An i2b2-based, generalizable, open source, self-scaling chronic disease registry

Marc D Natter, Justin Quan, David M Ortiz, Athos Bousvaros, Norman T Ilowite, Christi J Inman, Keith Marsolo, Andrew J McMurry, Christy I Sandborg, Laura E Schanberg, Carol A Wallace, Robert W Warren, Griffin M Weber, Kenneth D Mandl, Marc D Natter, Justin Quan, David M Ortiz, Athos Bousvaros, Norman T Ilowite, Christi J Inman, Keith Marsolo, Andrew J McMurry, Christy I Sandborg, Laura E Schanberg, Carol A Wallace, Robert W Warren, Griffin M Weber, Kenneth D Mandl

Abstract

Objective: Registries are a well-established mechanism for obtaining high quality, disease-specific data, but are often highly project-specific in their design, implementation, and policies for data use. In contrast to the conventional model of centralized data contribution, warehousing, and control, we design a self-scaling registry technology for collaborative data sharing, based upon the widely adopted Integrating Biology & the Bedside (i2b2) data warehousing framework and the Shared Health Research Information Network (SHRINE) peer-to-peer networking software.

Materials and methods: Focusing our design around creation of a scalable solution for collaboration within multi-site disease registries, we leverage the i2b2 and SHRINE open source software to create a modular, ontology-based, federated infrastructure that provides research investigators full ownership and access to their contributed data while supporting permissioned yet robust data sharing. We accomplish these objectives via web services supporting peer-group overlays, group-aware data aggregation, and administrative functions.

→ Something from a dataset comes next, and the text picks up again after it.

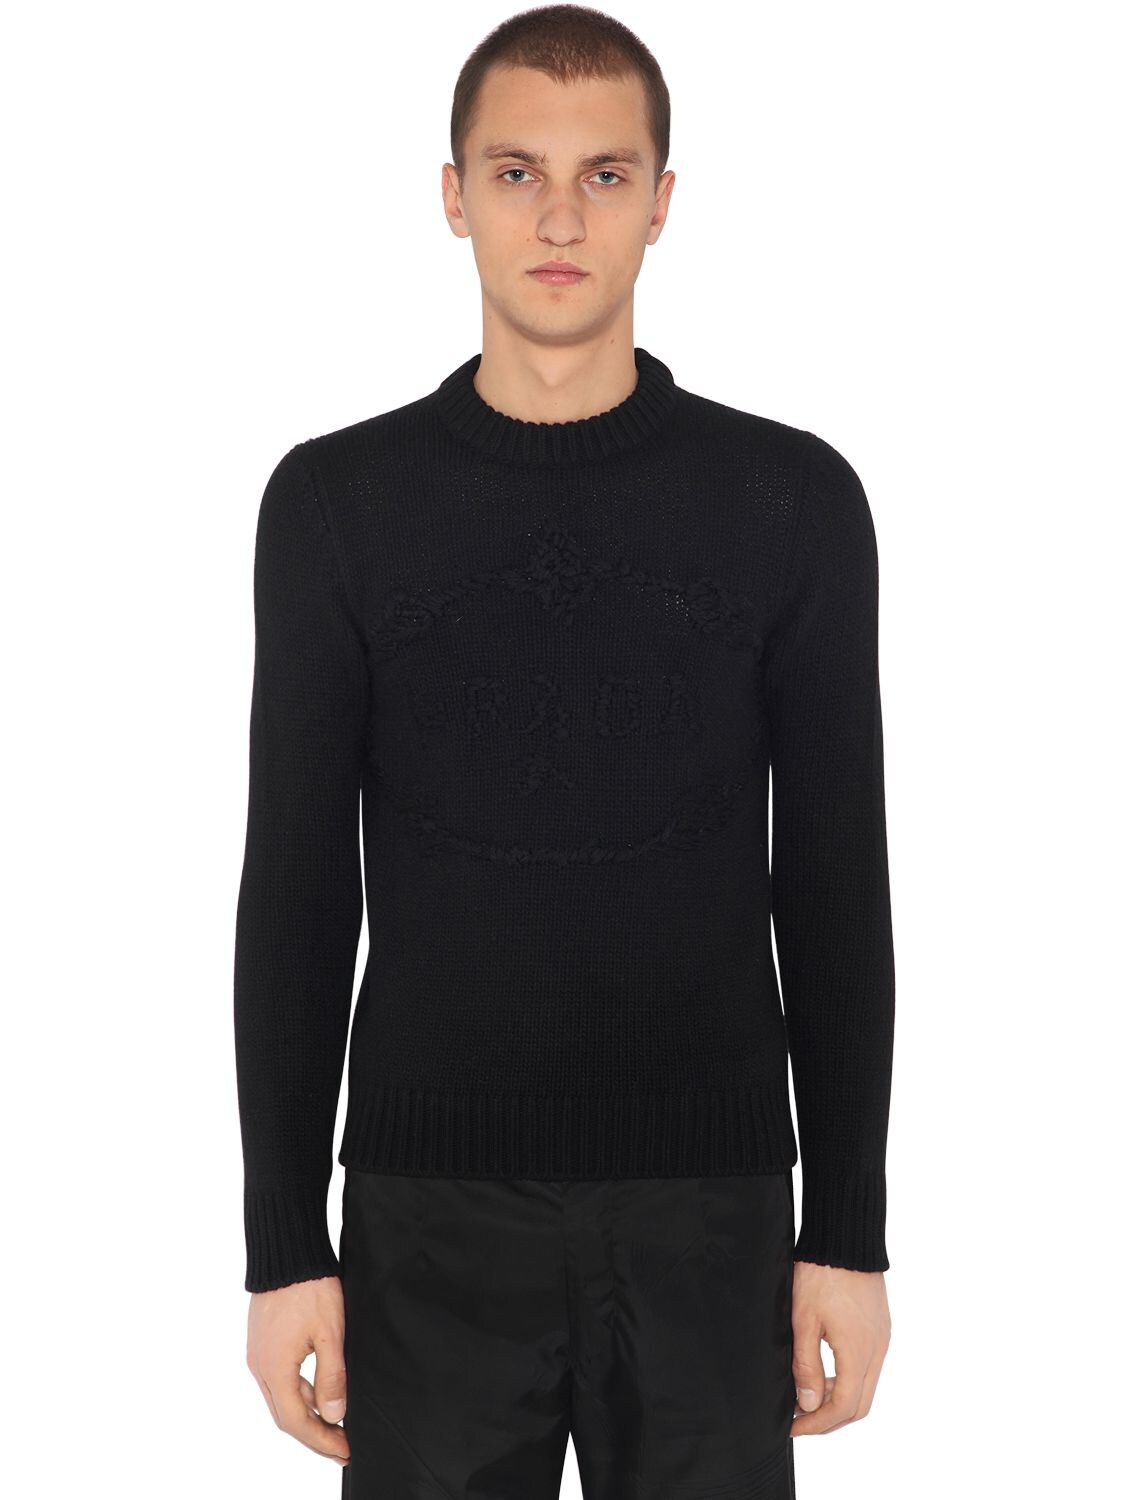 Prada Embroidered Wool & Cashmere Knit Sweater In Black
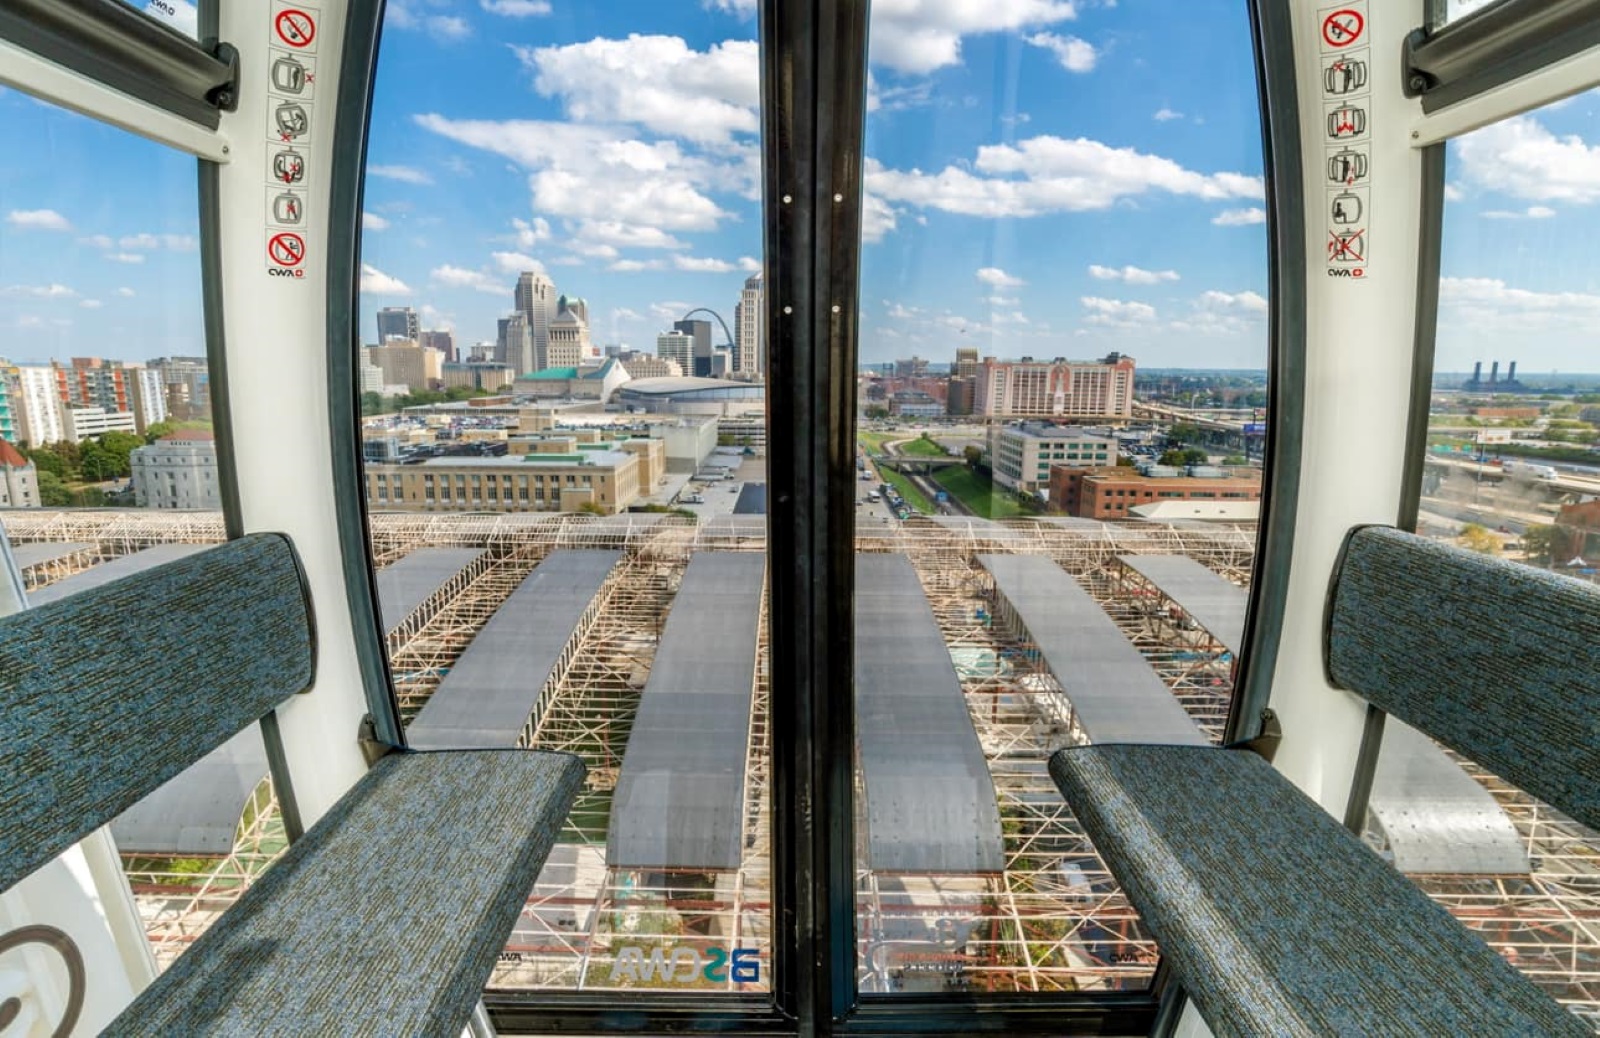 The view from inside the St. Louis Wheel

Results: The 56-site Childhood Arthritis & Rheumatology Research Alliance (CARRA) Registry and 3-site Harvard Inflammatory Bowel Diseases Longitudinal Data Repository now utilize i2b2 self-scaling registry technology (i2b2-SSR). This platform, extensible to federation of multiple projects within and between research networks, encompasses >6000 subjects at sites throughout the USA.

Discussion: We utilize the i2b2-SSR platform to minimize technical barriers to collaboration while enabling fine-grained control over data sharing.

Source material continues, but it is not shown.